1. we use Virbac's Epi-Soothe colloidal oatmeal shampoo and cream rinse
2. bath once/wk (wait longer and he gets worse and worse)
3. I 'float his coat' even though it is short as this helps the skin a lot too. Fill the sink with warm water and a couple capfuls of cream rinse, let him soak in it for at least 5 minutes. (the shampoo stays on at least 5 min too)
4. use as cool a water temp as you can, hot water really dries the skin
5. Chris Christensen Peace and Kindness colloidal silver spray on problem areas in between is awesome
6. High quality fish oil daily in his food
7. Keep his and his little brother's coats short (since he's allergic to dust and pollens and the long coats drag these in)
8. Keep the floors quite clean and wash their beds frequently - also the allergy thing.

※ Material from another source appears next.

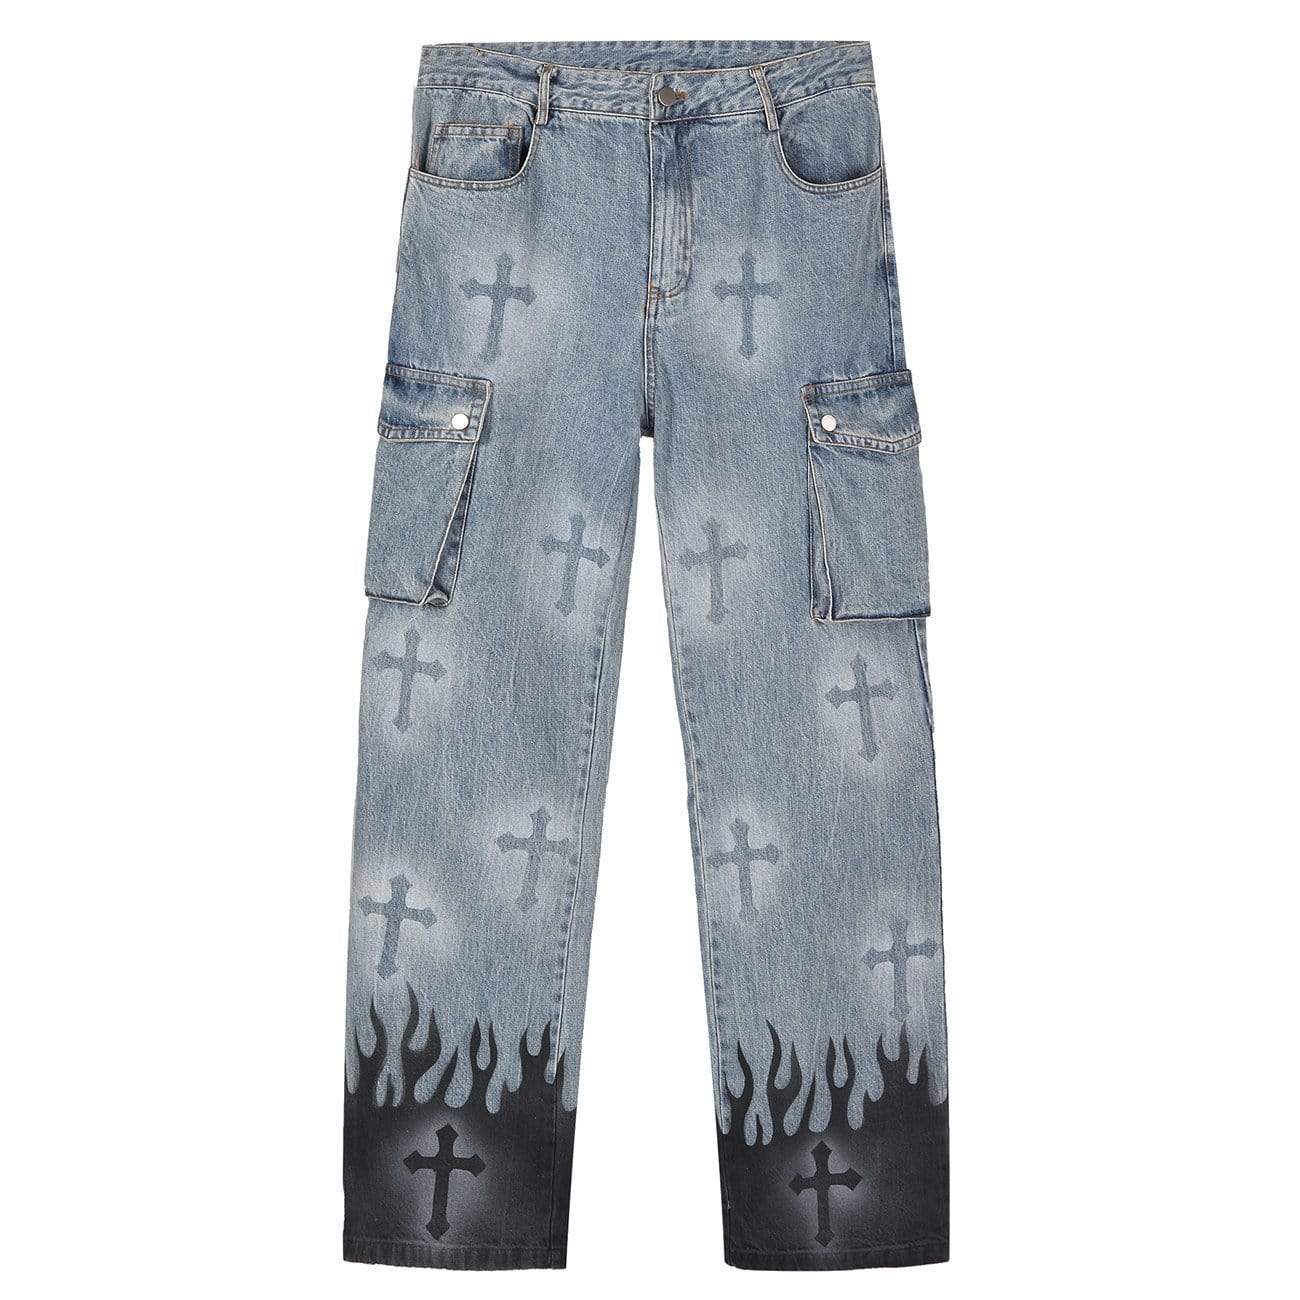 TO Printed Straight Denim Jeans

If your guy is only a little itchy you could probably start with just one or two things (like the bath and fish oil perhaps) and see what works. My guy has a pretty big allergy problem so I have a longer list 
Good luck!


----------



## rdanielle (Sep 2, 2008)

Saw this on my facebook feed its from a holistic vet (Doctor Karen Becker): 
Urban legend pet myth #34: bathe an itchy, yeasty dog in a grain-based shampoo (oatmeal). If your pup itches, pick an herbal or teatree based shampoo. Oatmeal will provide a carb source to feed staph and yeast on the skin=worse itch and irritation.


----------



## Laurasch (Jul 1, 2008)

Interesting to learn, thanks. My guy's skin/coat feels very dry when he is most itchy and the oatmeal seems to soothe it really well (was recommended by my vet). The staph/yeast problem sounds like a different type of thing. Sounds like it's important to understand the cause of the itching.


----------



## galaxie (Dec 1, 2009)

Have you considered that it may be a food allergy?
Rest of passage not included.